Послы, вернувшиеся из Львова, где их принимали король Ян Казимир и его советники, рассказали об отказе польской стороны обсуждать дела казаков Войска Запорожского и преследование православных «в Литве». Царю Алексею Михайловичу особенно запомнился рассказ о том, как его дипломатов принимали «со смехом и щелканьем сабельным». Угроза дипломатам оружием и отказ от обсуждения поставленных вопросов, вместе с существовавшим со времен Смуты вопросом об умалении царского титула, стали основанием для резкого разворота к решению о принятии казаков Войска Запорожского под «царскую высокую руку». Вскоре была объявлена война «за царскую честь»[210].
Артамон Матвеев оставался доверенным человеком царя Алексея Михайловича в контактах с Богданом Хмельницким. Когда решение о принятии казаков в подданство царя Алексея Михайловича было поддержано Земским собором 1 октября 1653 года, необходимо было подтвердить его присягой казаков Войска Запорожского. Их, конечно, еще не рассматривали как обычных подданных московского царя, но в ответ на обещанное покровительство ожидали гарантий ввиду совместных действий в начинавшейся войне с Польшей. Никто не знал, как должна быть организована присяга; прецедентов не существовало, поэтому сторонам оставалось договариваться о приемлемых шагах в направлении взаимовыгодного союза.
Принимать присягу гетмана Богдана Хмельницкого было направлено посольство во главе с боярином Василием Васильевичем Бутурлиным, окольничим Иваном Васильевичем Алферьевым и думным дьяком Ларионом Дмитриевичем Лопухиным (он и раньше ездил в гонцах к Хмельницкому). Еще один участник прежних посольств к гетману стрелецкий голова Артамон Матвеев должен был снова провожать послов в гетманскую ставку. Конечно, его функции не исчерпывались одной охраной. Включение такого человека, как Матвеев, хорошо знавшего обстоятельства тайных переговоров с Хмельницким, было не случайным. Понимали это и московские послы. Когда их миссия была исполнена, именно Артамон Матвеев был отослан с «сеунчем» — радостной вестью к царю о состоявшейся присяге Войска Запорожского на Переяславской раде 8 января 1654 года.

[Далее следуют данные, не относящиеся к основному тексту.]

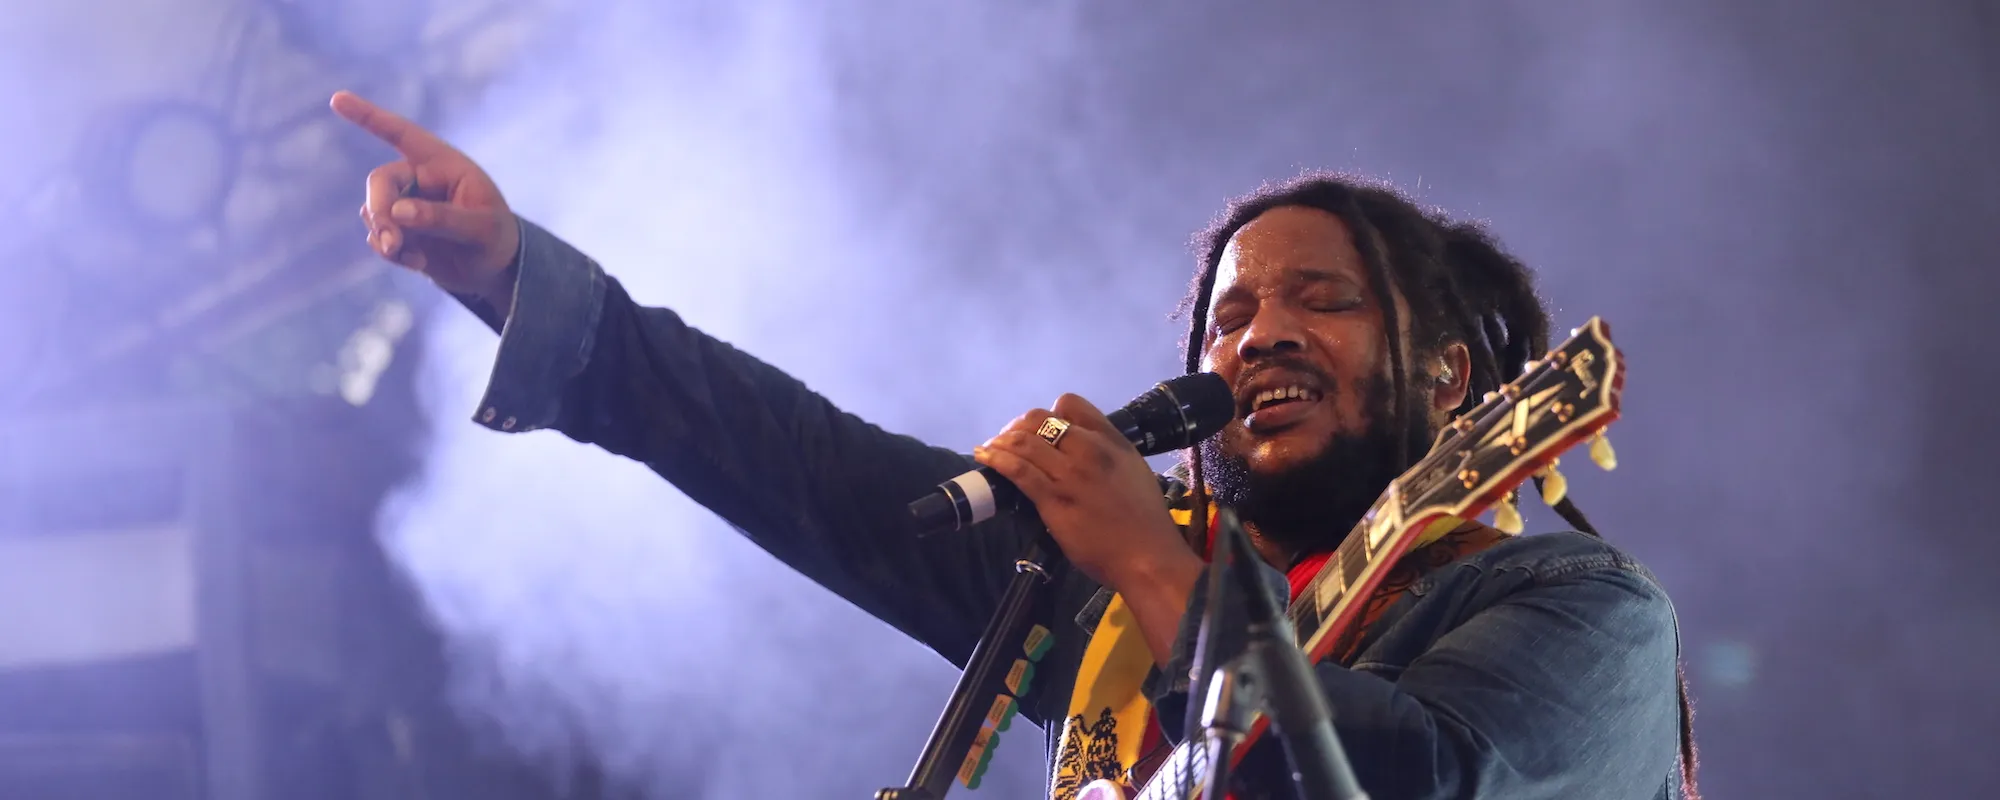 Stephen Marley Remembers Father, Those That Came Before on “Old Soul”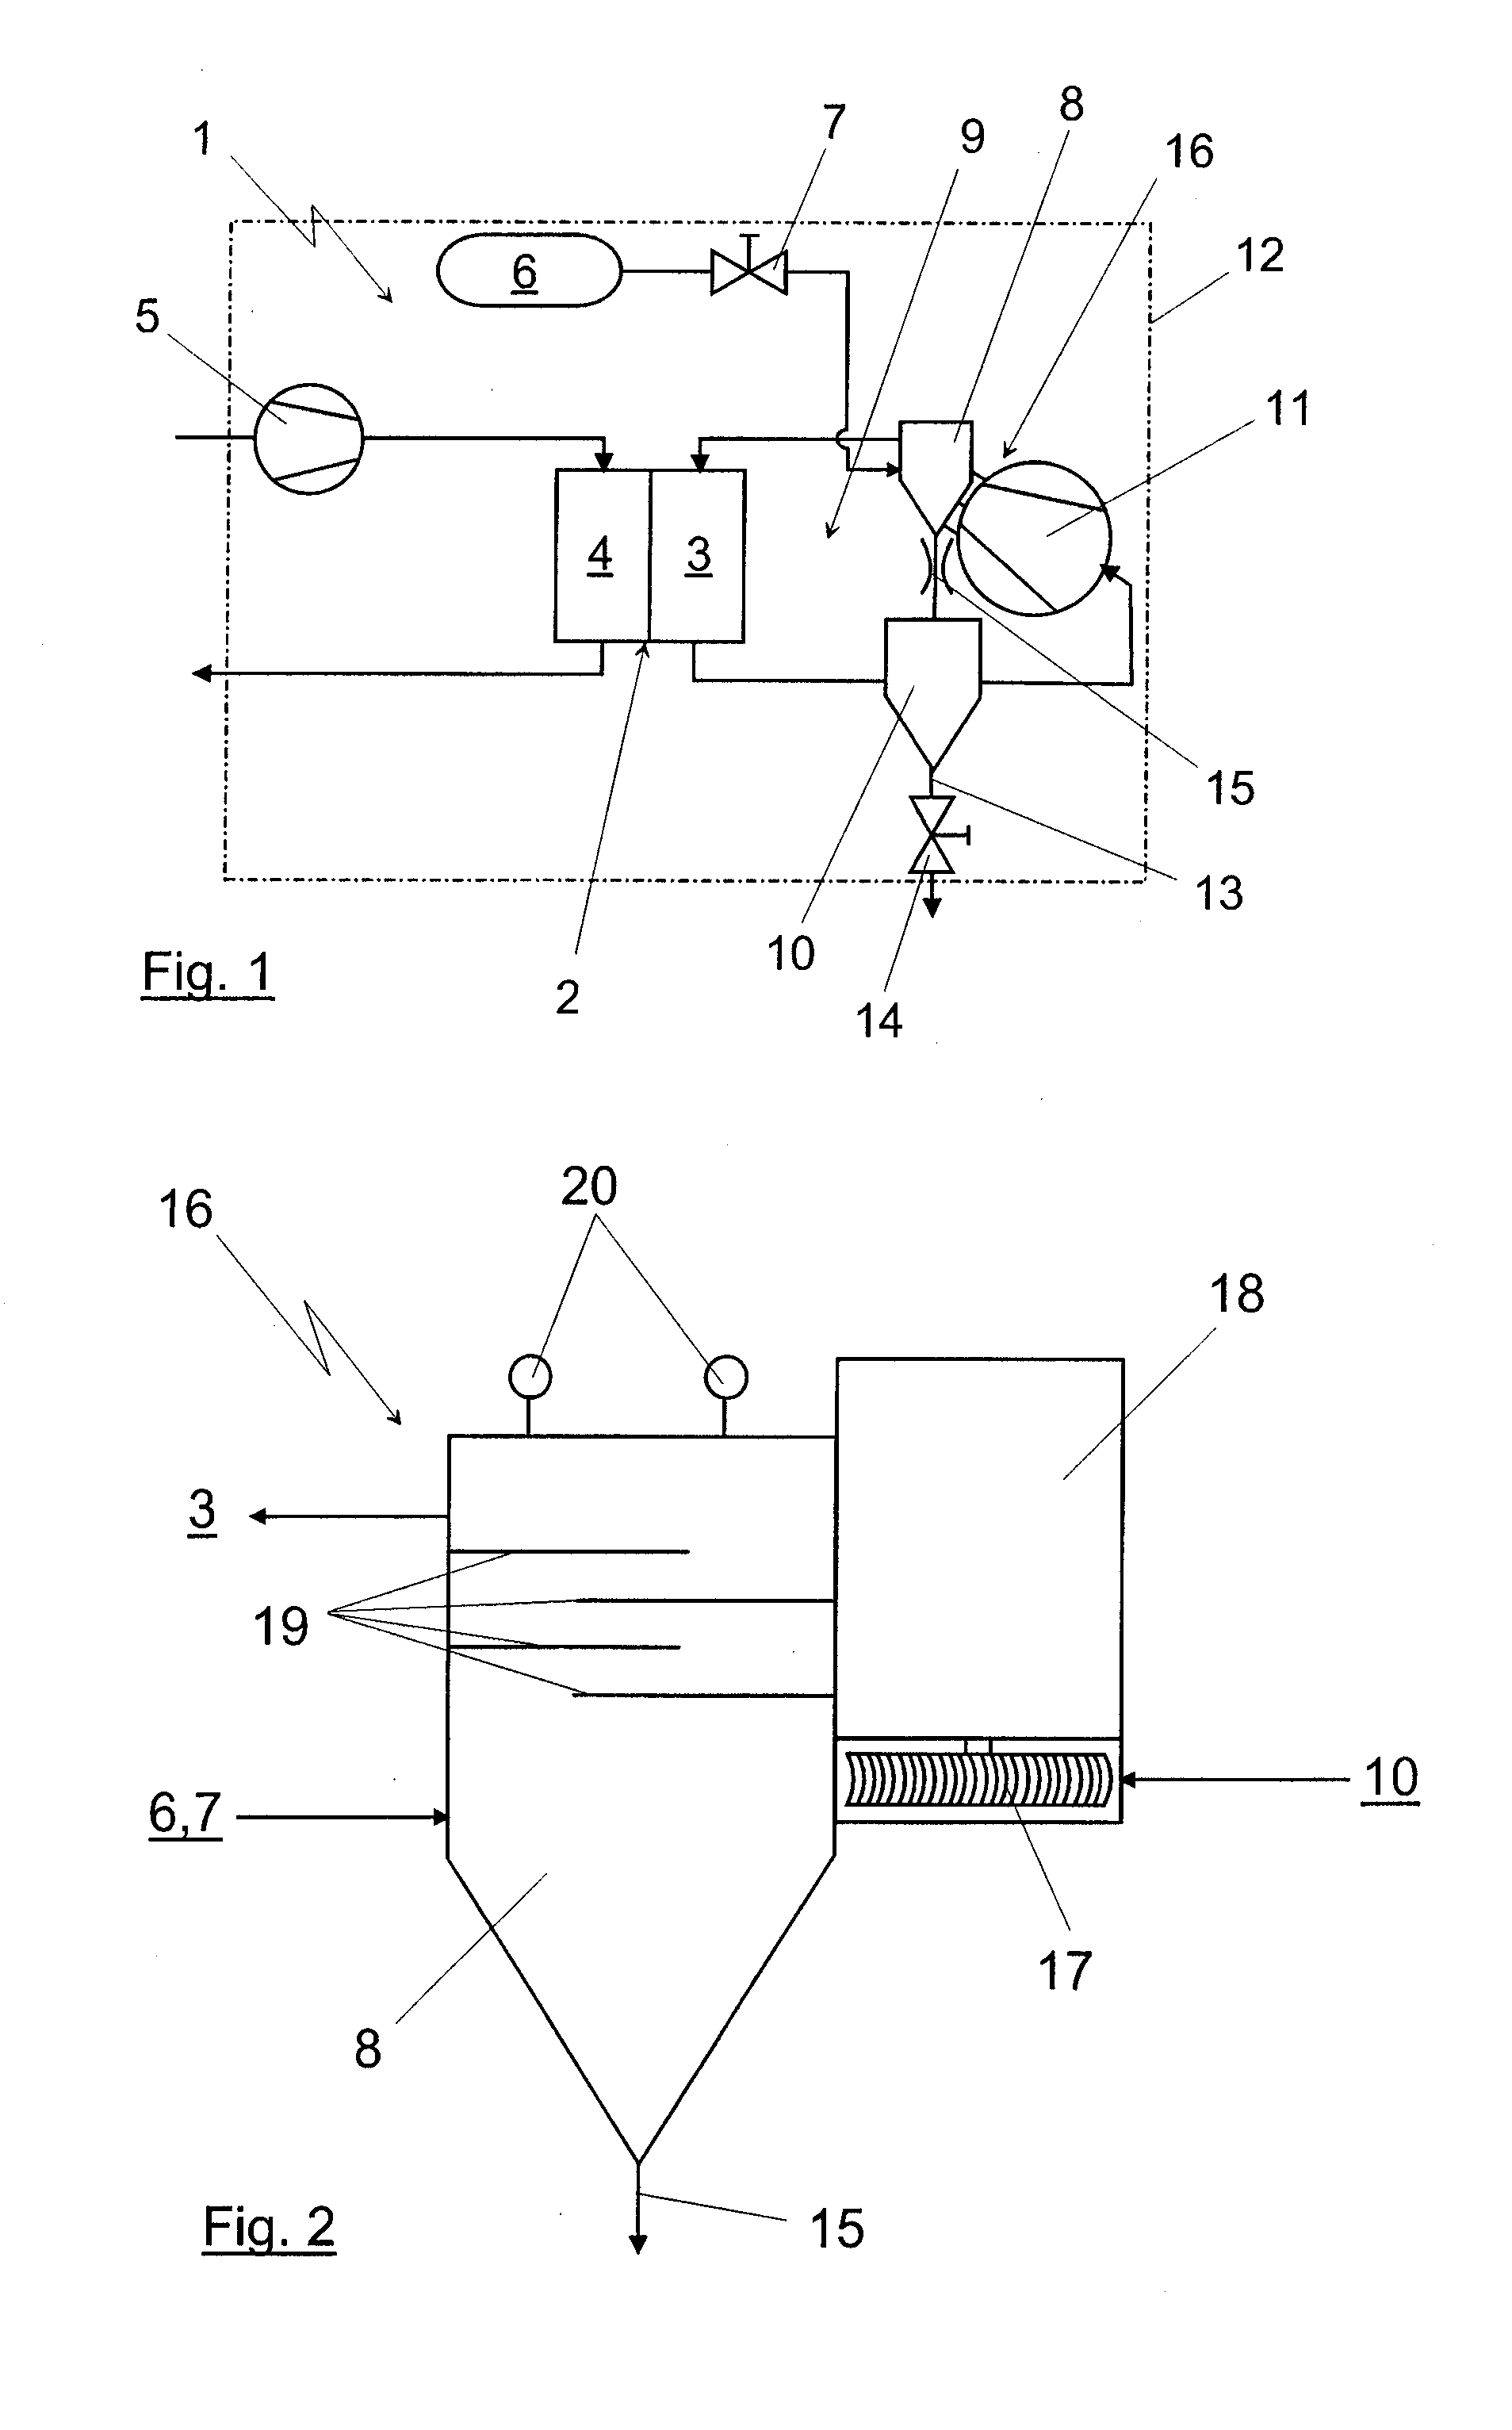 Fuel Cell System Having a Fluid Separator in the Anode Circuit

Для царя Алексея Михайловича это был важнейший момент; в искреннем порыве — получилось! — он лично наградил сеунщика, пожаловав его кафтаном с царского плеча и бросив к ногам дорогую шапку. Такую сцену невозможно было забыть! Даже после объявления войны польскому королю в защиту «царской чести» оставалась возможность отказа казаков Войска Запорожского от прежних договоренностей, а это сразу означало бы крах всей начатой кампании. Оставлять «черкас» за спиной было никак нельзя, и совсем другое дело, когда они присягнули царю на верность. Теперь царь Алексей Михайлович начал готовиться к войне. Артамон Матвеев, уже замеченный и выделенный перед всеми на публичной встрече гонцов, сообщивших о Переяславской раде, вместе со своим приказом стрельцов был назначен царем Алексеем Михайловичем в свой Государев полк.